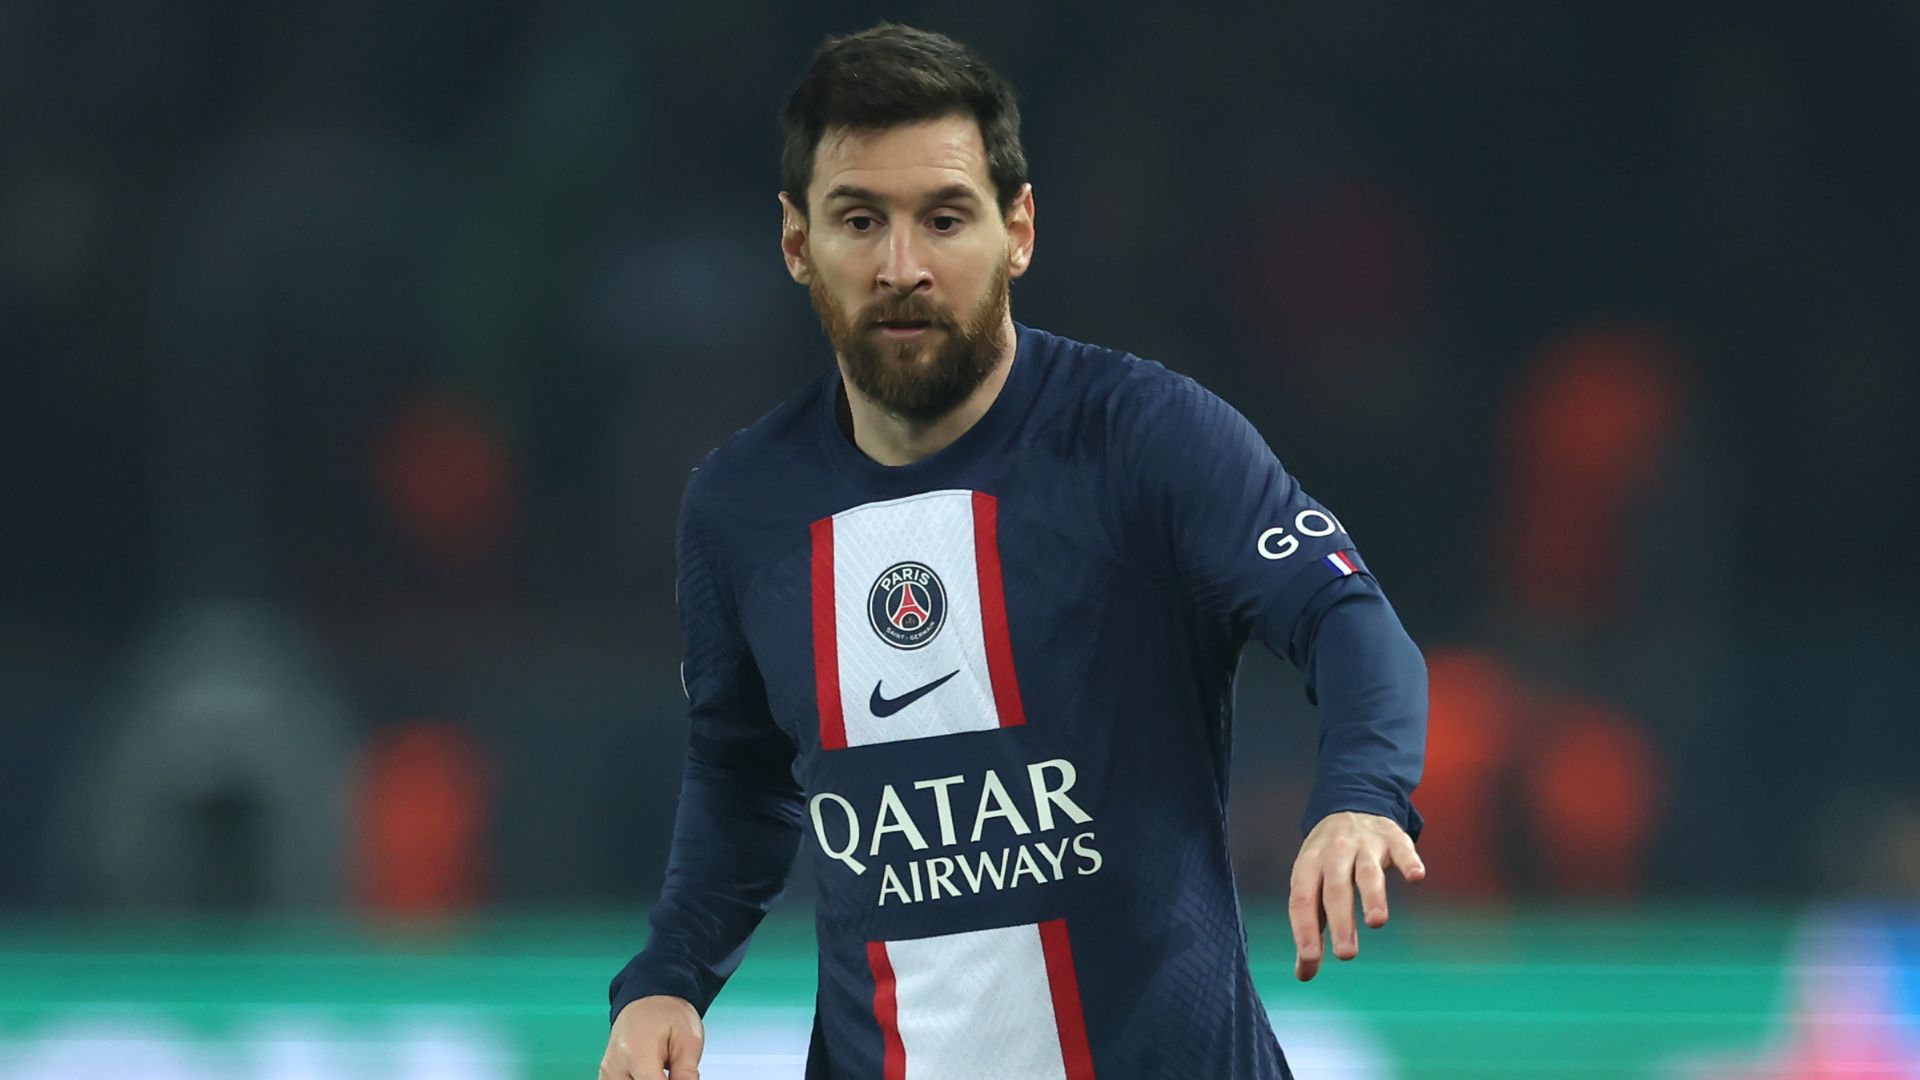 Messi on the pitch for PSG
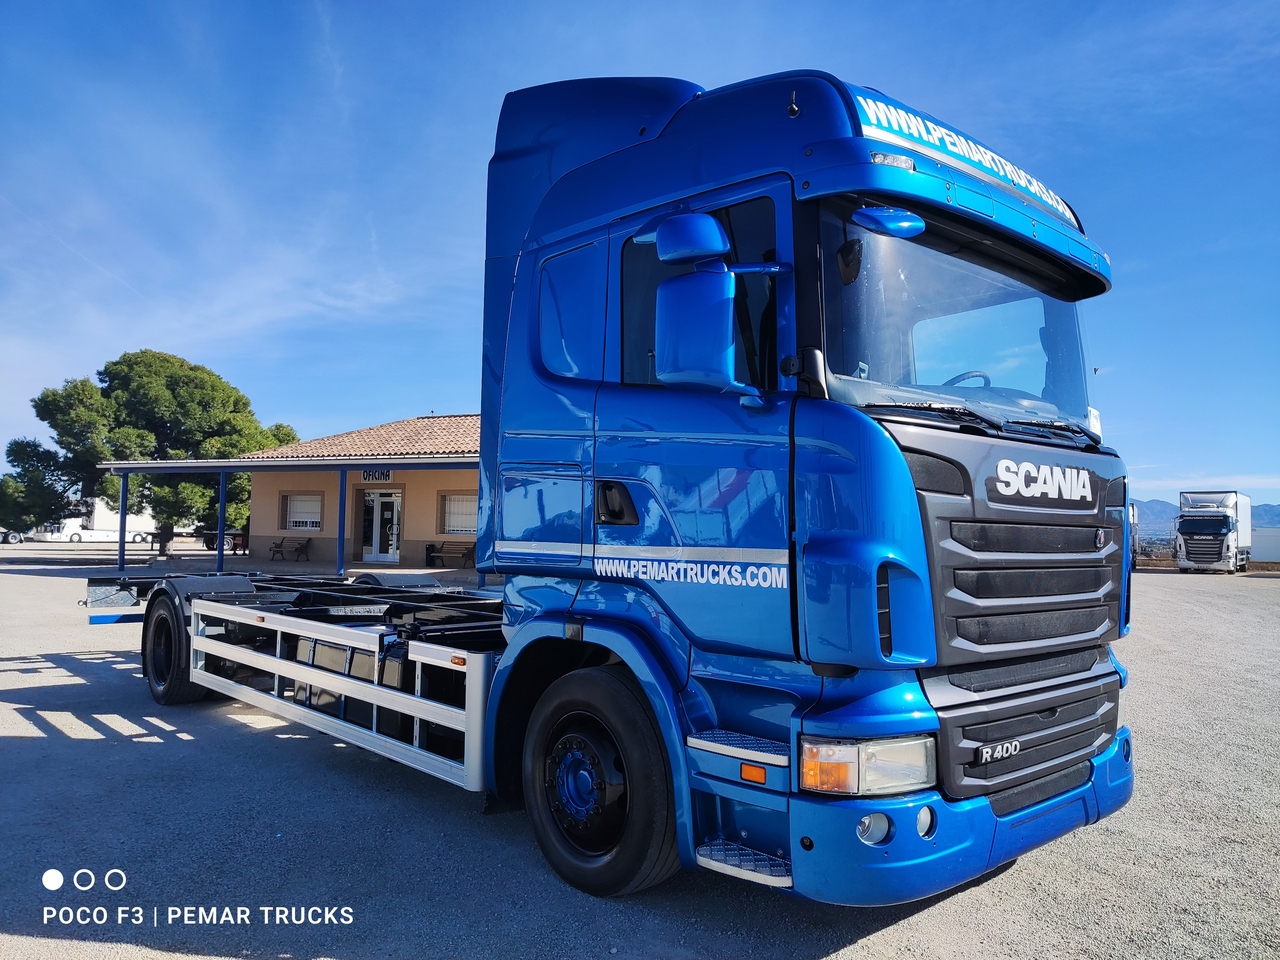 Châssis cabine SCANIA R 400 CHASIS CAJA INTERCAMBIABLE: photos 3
- - -
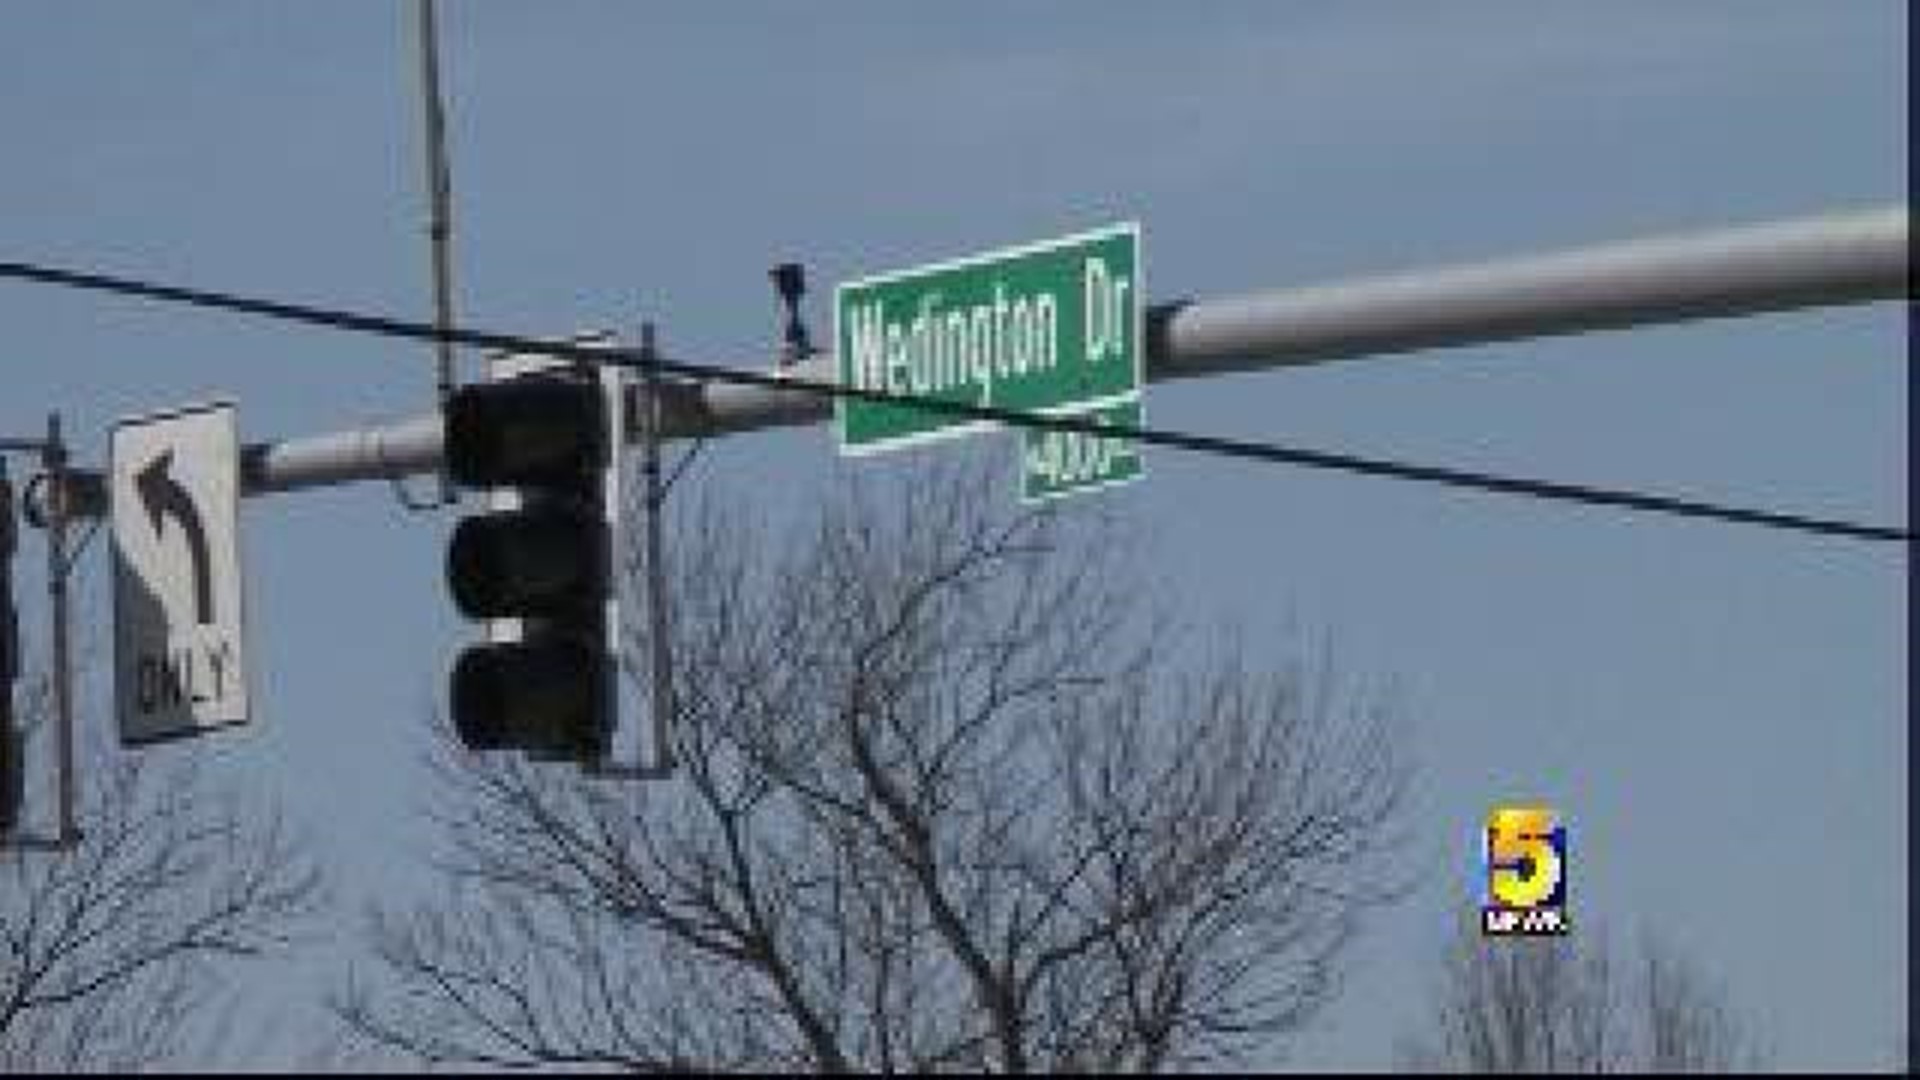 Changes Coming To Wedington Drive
- - -
**Your objective:** Print exactly, with no pictures, the lines above from the one that holds "Messi on the pitch for PSG" through the one that holds "Châssis cabine SCANIA", both of them included.

**Your solution:**
 Messi on the pitch for PSG
 Châssis cabine SCANIA R 400 CHASIS CAJA INTERCAMBIABLE: photos 3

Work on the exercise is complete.